New sustainable growth plan acts as ‘roadmap’ to Net Positive for Kingfisher
EXCLUSIVE: Home improvement retailer Kingfisher has unveiled a comprehensive range of short-term sustainability targets in a bid to engage its customers and 77,000 employees in the company's long-term ambition of becoming "truly sustainable".
The B&Q and ScrewFix owner revealed its new sustainable growth plan, with a headline goal of achieving 50% of the group’s sales by 2020 from products that “actively make customers’ homes more sustainable” – such as LED lighting, insulation and low-flow taps. The products which fall into this category make up around 33% of the group’s current range and account for more than £3.8bn of sales annually.
Kingfisher claims that by achieving its headline target, its customers will be able to halve their own energy use and improve their water efficiency by 50% within the next seven years.
The sustainable growth plan sets goals for 2025 and will run alongside Kingfisher’s Net Positive sustainability plan, which incorporates 50 specific targets for 2050, including making every Kingfisher store and customer home zero carbon at least.

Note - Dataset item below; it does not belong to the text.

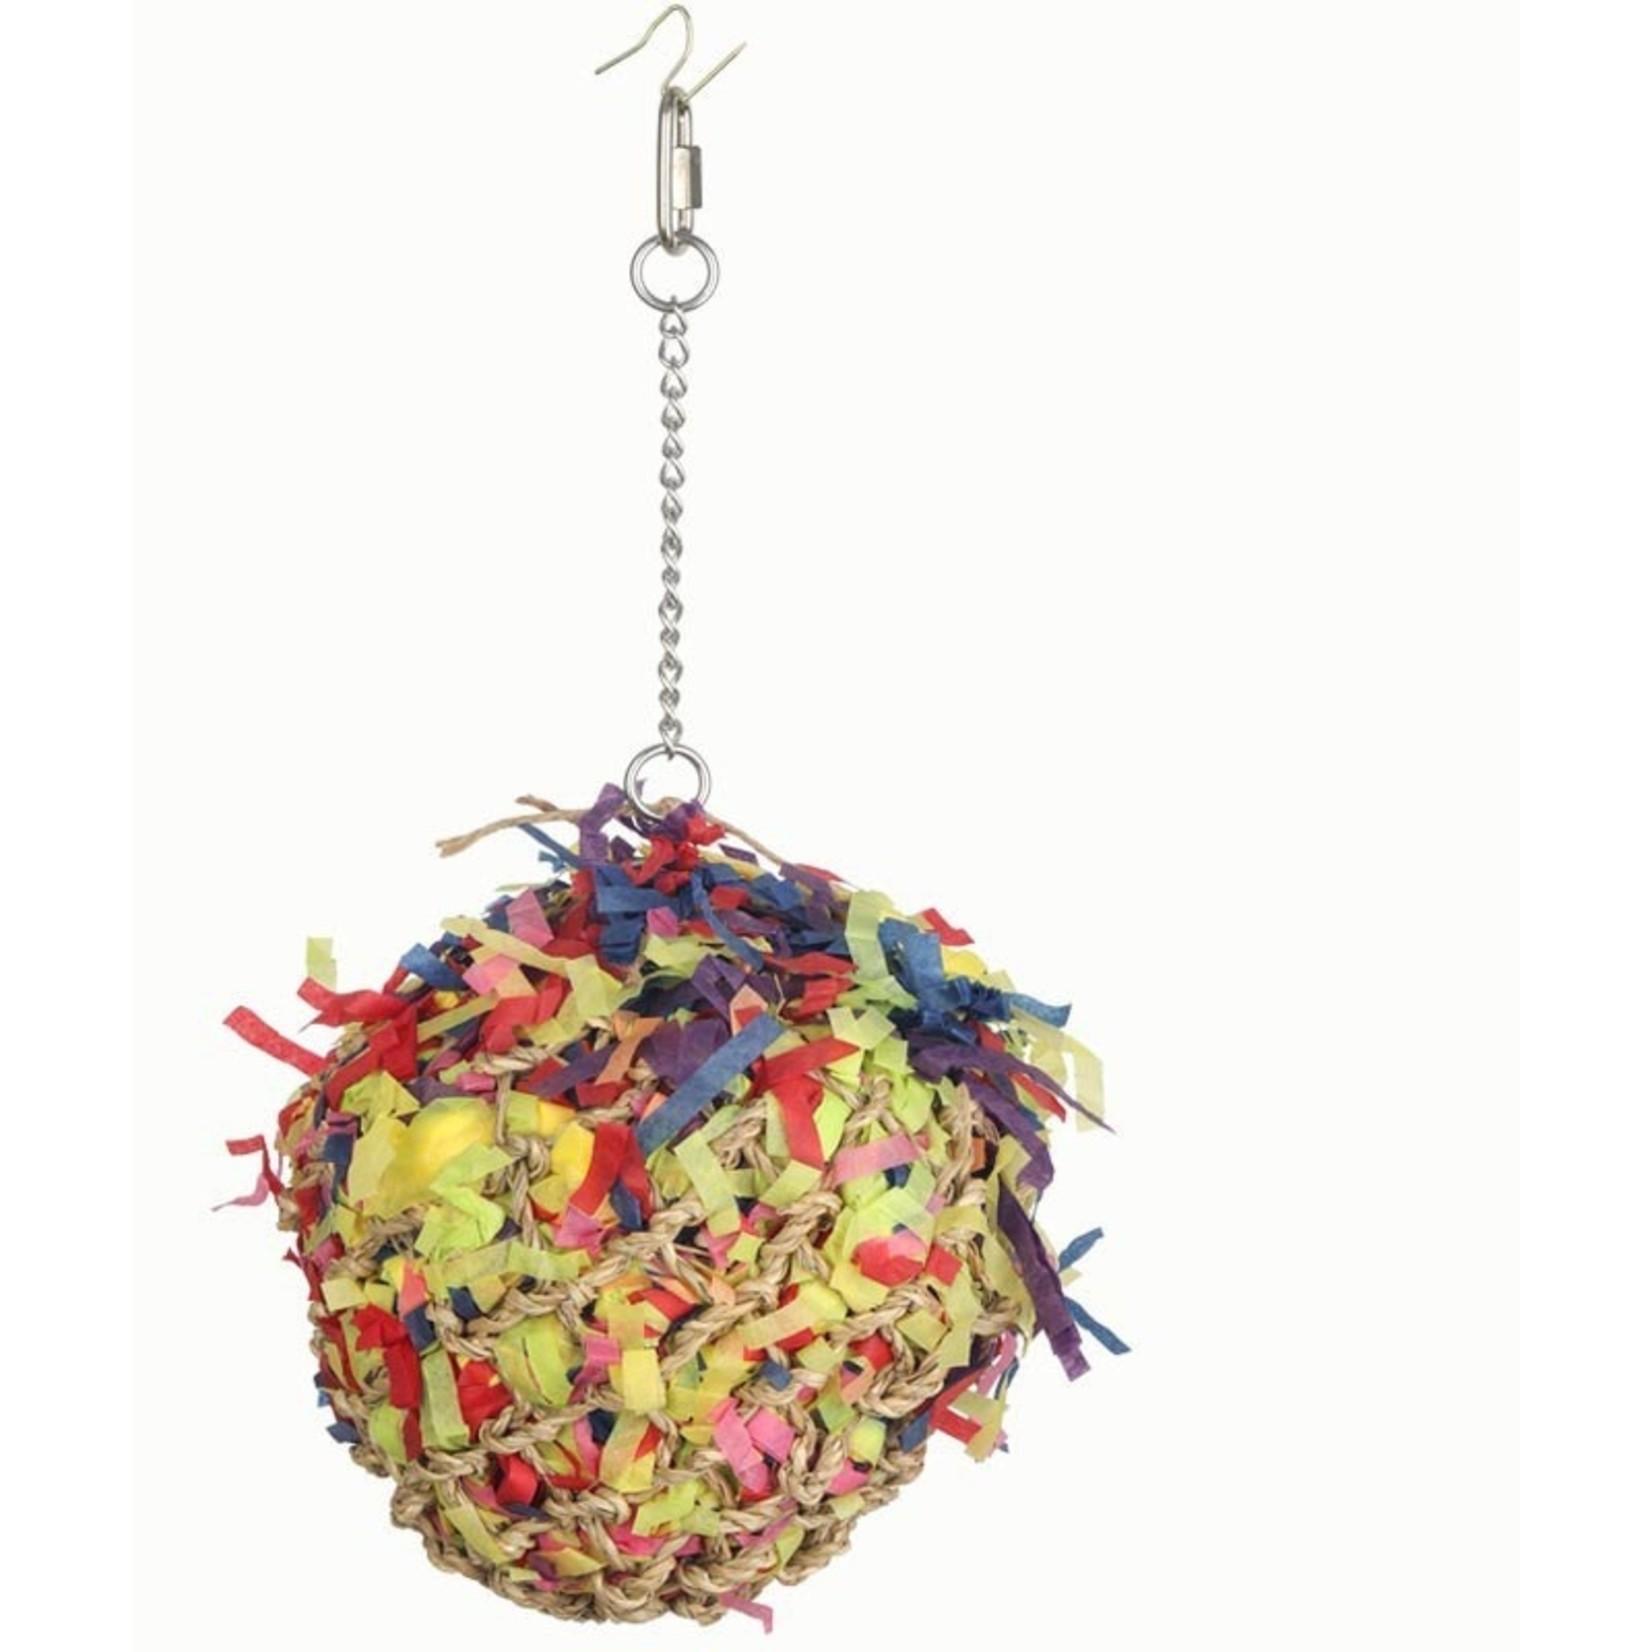 Vogelspeelgoed Confetti Ball

The 12 new targets will act as a “road-map” to “milestones” along this long-term journey, according to the group’s head of sustainability, Caroline Laurie.
“We have got really ambitious 2050 aspirations under Net Positive, which has been really well-received and hailed as the next frontier of sustainability strategies,” Laurie exclusively told edie at this year’s edie Live event. “But ultimately, that technical language of sustainability and that long-term framing failed to connect with our customers and colleagues, who are our most important stakeholders.”
She added: “What we wanted to do was create a roadmap to 2025 that spoke much more directly to customers and their needs and concerns. It takes our long-term ambitions of becoming a truly sustainable company and breaks it down into short-term steps which are more easily accessible.”
The new plan is based on an extensive customer research project in the UK France, Poland, Russia and Spain, which sought to understand which sustainability issues really mattered to customers in their homes.
Kingfisher found that people were increasingly engaging with energy and water efficiency measures, demanding toxin-free products and making steps towards circularity by repairing, recycling and reusing their homewares. But while sustainability was found to connect with customers’ domestic priorities, they were put off by lofty, long-term targets and the word ‘sustainability’ itself.
The group’s chief officer Véronique Laury, who replaced Ian Cheshire in 2015, has also been “absolutely active” in developing and sponsoring the plan, according to Laurie.
“Sustainability is absolutely core to our purpose set by our chief executive, which is ensuring everyone has a home they feel good about,” Laurie added.
As well as customer-specific targets, the sustainable growth plan includes six internal goals for Kingfisher including sending zero waste to landfill by 2020 and recycling 90% of waste streams by 2025; sourcing all wood, paper and peat-free growing media responsibly by 2025, and achieving transparency of harmful chemicals in supply chains by 2020 before phasing out the “highest priority” hazardous chemicals from its products five years later.
Kingfisher additionally said it will cut absolute carbon emissions from buildings and transport by a quarter by 2020 against a 2010-2011 baseline.
The new plan forms part of the group’s five-year ‘one Kingfisher’ strategy, which was launched in 2016 and aims to transform the company’s structure by “unifying” its key brands.